From a lot of 10 missiles, 4 are selected at random and fired.If the lot contains 3 defective missiles that will not fire, what is the probability that

a. all 4 will fire ?

b. at most 2 will not fire ?

### Solution

Here $N=10$ number of missiles, out of that $M=3$ are defective missiles and $N-M =7$ are not defective missiles. $n=4$ missiles are selected at random. Let $X$ denote the number of defective missiles that will not fire among the selected $4$ missiles.

Then the probability distribution of $X$ is hypergeometric with probability mass function

`$$ \begin{aligned} P(X=x)&=\frac{\binom{M}{x}\binom{N-M}{n-x}}{\binom{N}{n}},\;\; x=0,1,2,\cdots, \min(n,M)\\ &= \frac{\binom{3}{x}\binom{7}{4-x}}{\binom{10}{4}},\; \; x=0,1,2,\cdots,3\\ \end{aligned} $$`

a. The probability that all randomly selected missiles will fire means $x=0$ missile will misfire.

`$$ \begin{aligned} P(X=0) &= \frac{\binom{3}{0}\binom{7}{4}}{\binom{10}{4}}\\ &= \frac{1\times 35}{210}\\ &= 0.1667 \end{aligned} $$`

Thus, there are $16.67$ % chance that all randomly selected 4 missiles will fire.

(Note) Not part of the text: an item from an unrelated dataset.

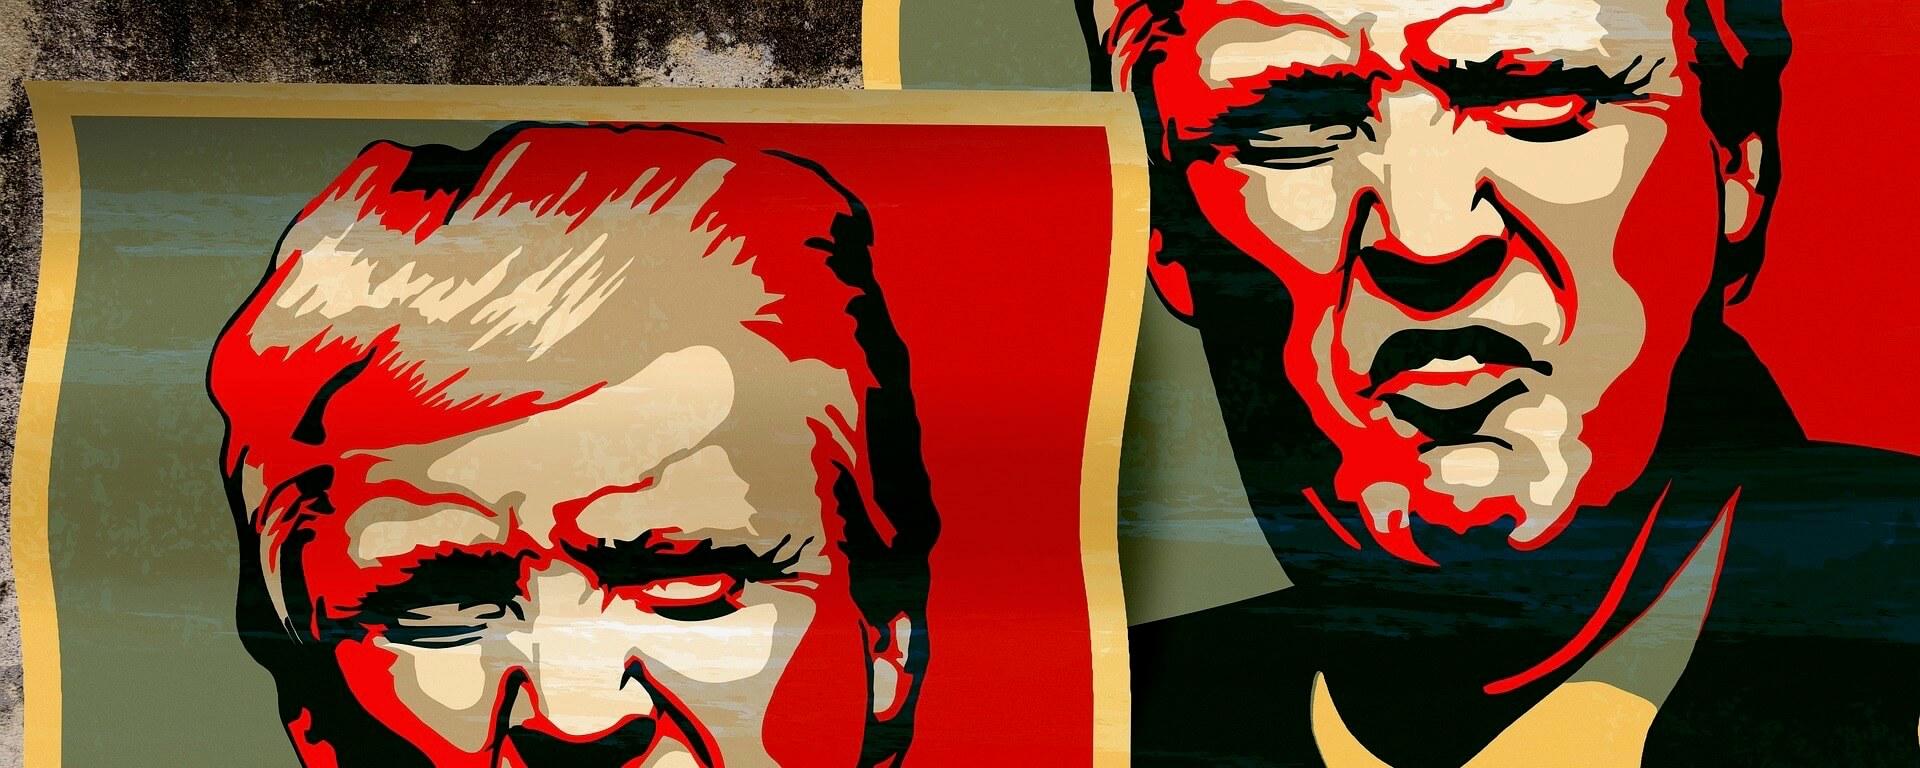 How to Prepare for a Trump PR Crisis

b. The probability that at most 2 will not fire is
`$$ \begin{aligned} P(X\leq 2) &= \sum_{x=0}^{2}P(X=x)\\ &= \big(P(X=0)+P(X=1)+P(X=2)\big)\\ &=\bigg(\frac{\binom{3}{0}\binom{7}{4}}{\binom{10}{4}}+\frac{\binom{3}{1}\binom{7}{3}}{\binom{10}{4}}+\frac{\binom{3}{2}\binom{7}{2}}{\binom{10}{4}}\bigg)\\ &=\bigg(\frac{1\times 35}{210}+\frac{3\times 35}{210}+\frac{3\times 21}{210}\bigg)\\ &= \big(0.1667+0.5+0.3\big)\\ &= 0.9667 \end{aligned} $$`

Thus, there are $96.67$ % chance that at most 2 missiles will fire.

Hope this tutorial helps you understand how to solve numerical problems on Hypergeometric distribution.